Широкоплечий парень оглянулся назад, недовольный задержкой в исполнении намеченного плана, и вся толпа на мгновенье остановилась и словно замерла.

– Идем! За мной! – рванул широкоплечий надломившимся уже голосом. – Возьмем свое, свет тебе пополам! Возьмем, братцы!

Толпа загудела и заметалась. Михаил Иванович подошел вплотную к широкоплечему и зычно заявил:

– Эх ты! Ты что же, хочешь быть каторжником? Тебе бы только бить? Да бить надо с разумом, как полагается человеку. А ты – варнак! Руки потные – дорогие! За что продаешь их? Надо, брат, в толк взять перед тем, как ломать.

Толпа остановилась и как бы задумалась. Широкоплечий, с налитыми кровью глазами, хотел было «дерзнуть» (то есть ударить) Михаила Ивановича, да рука задержалась в мгновенном молчании толпы перед новым, еще не созревшим решением всех стоявших.

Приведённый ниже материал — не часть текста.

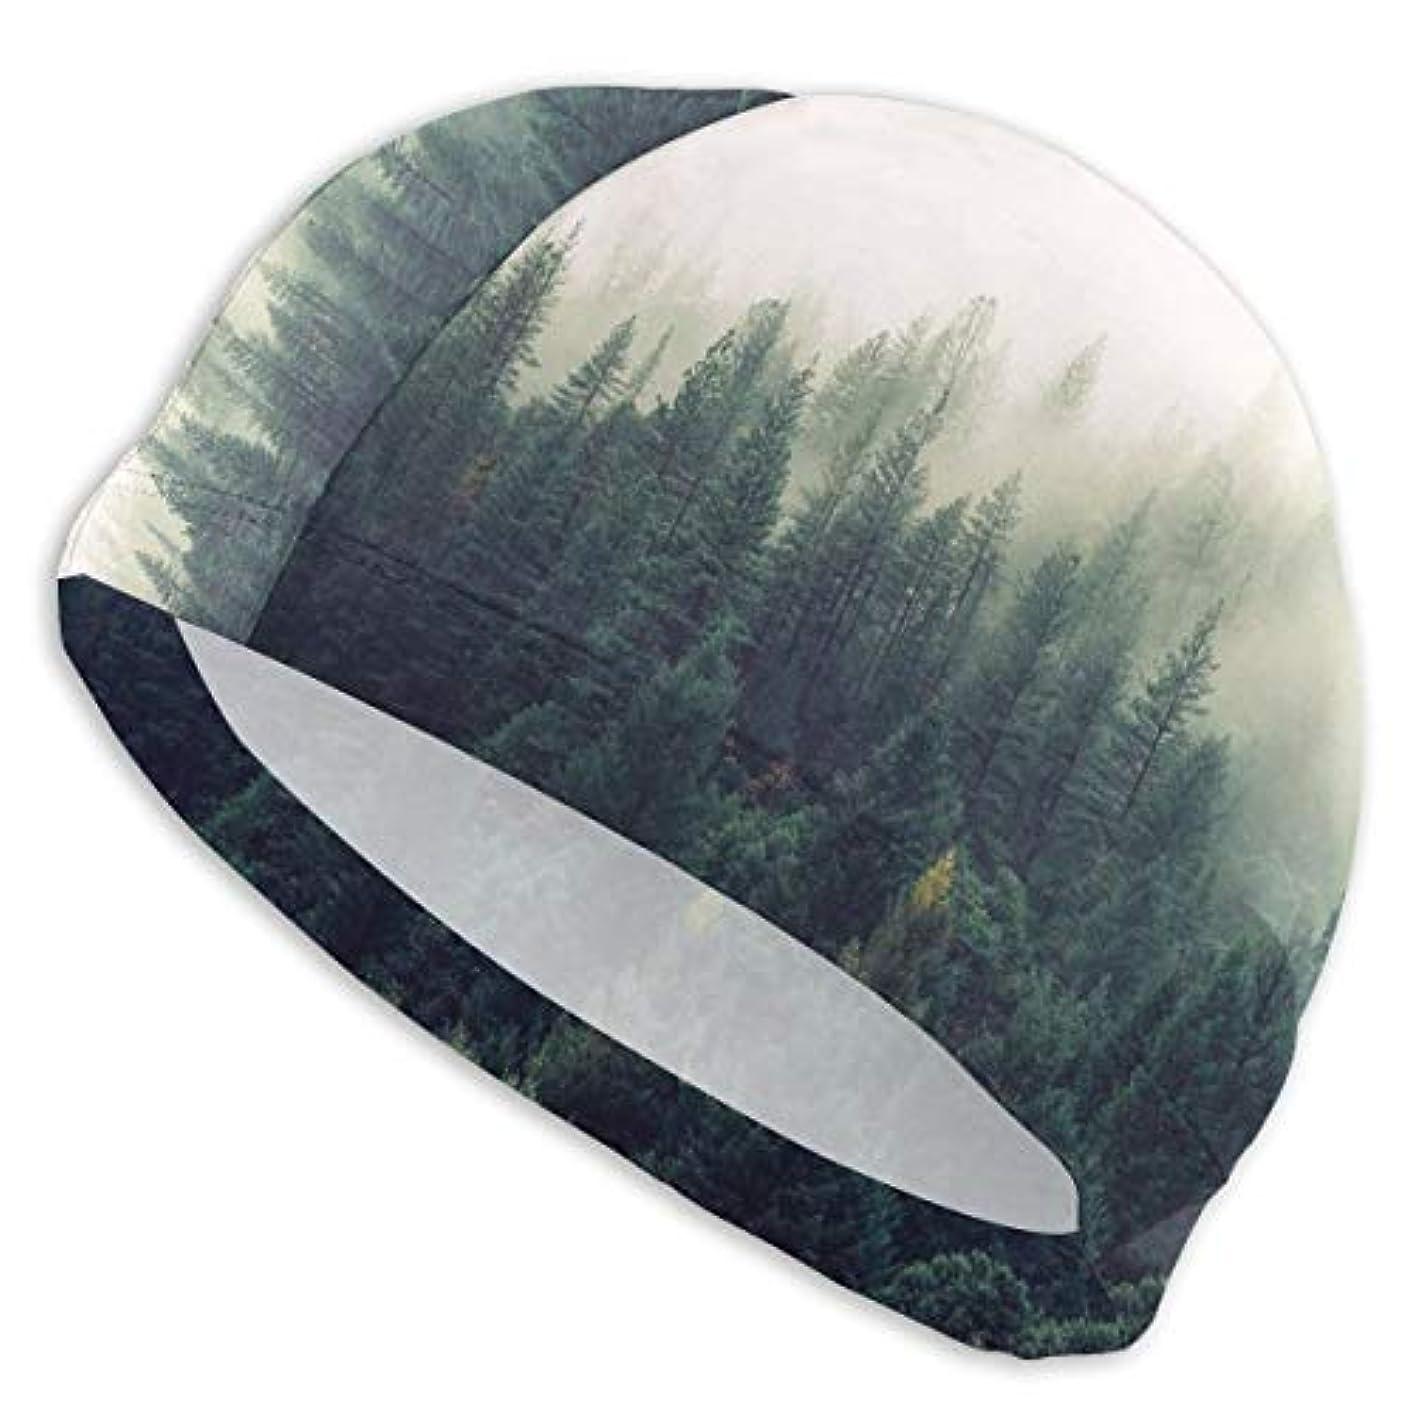 ズームインするマーケティング彫刻霧の森スイムキャップ スイミングキャップ 水泳キャップ 競泳 水泳帽 メンズ レディース 兼用 ゆったりサイズ フリーサイズ(28-33cm)

– Братцы! – кричал Михаил Иванович. – Надо идти наверняка, а зря нечего голову под топор! Сыщем, кто виноват, – тогда и выломаем, где надо, двери! Друг за дружку и как полагается! Чтоб смысл был перво-наперво!

– А и правда, ребята! – подхватили многие голоса, но широкоплечий хрипел свое и рвался ломать дверь. С ним были заодно еще несколько человек, которые напирали к стене и неистово ругались.

Прошло несколько мгновений. Крик и споры в толпе еще более усилились. Вся казарма поднялась на ноги и собралась у выходных дверей. Чуть подале столпились все больше любопытствующие, ждавшие какого-то разрешения событий. И лишь несколько человек притаенно сидели в уголку на нарах и с тревогой посматривали на происходившее. В их числе был Сергей Федорович. Федор Михайлович, напротив, присел на нары поближе к выходу и, впившись, наблюдал. На его лице все жилки ходили и передвигались, и глаза горели в полумраке казарменных ночников.

В это время раздался неистовый удар в дверь, так что Федор Михайлович вздрогнул и приподнялся. В мгновенье он увидел, как несколько человек, словно пробка, вылетели сквозь раскрывшуюся дверь. Остальные все шарахнулись назад и, стуча кандалами и каблуками, с шумом рассыпались по нарам и, точно в мгновенном оцепенении, замолкли, притаившись. За дверью тем временем послышался короткий вскрик, видно часового, какая-то возня, шум падающих тяжелых предметов, и тоже все затихло в трепетном ожидании.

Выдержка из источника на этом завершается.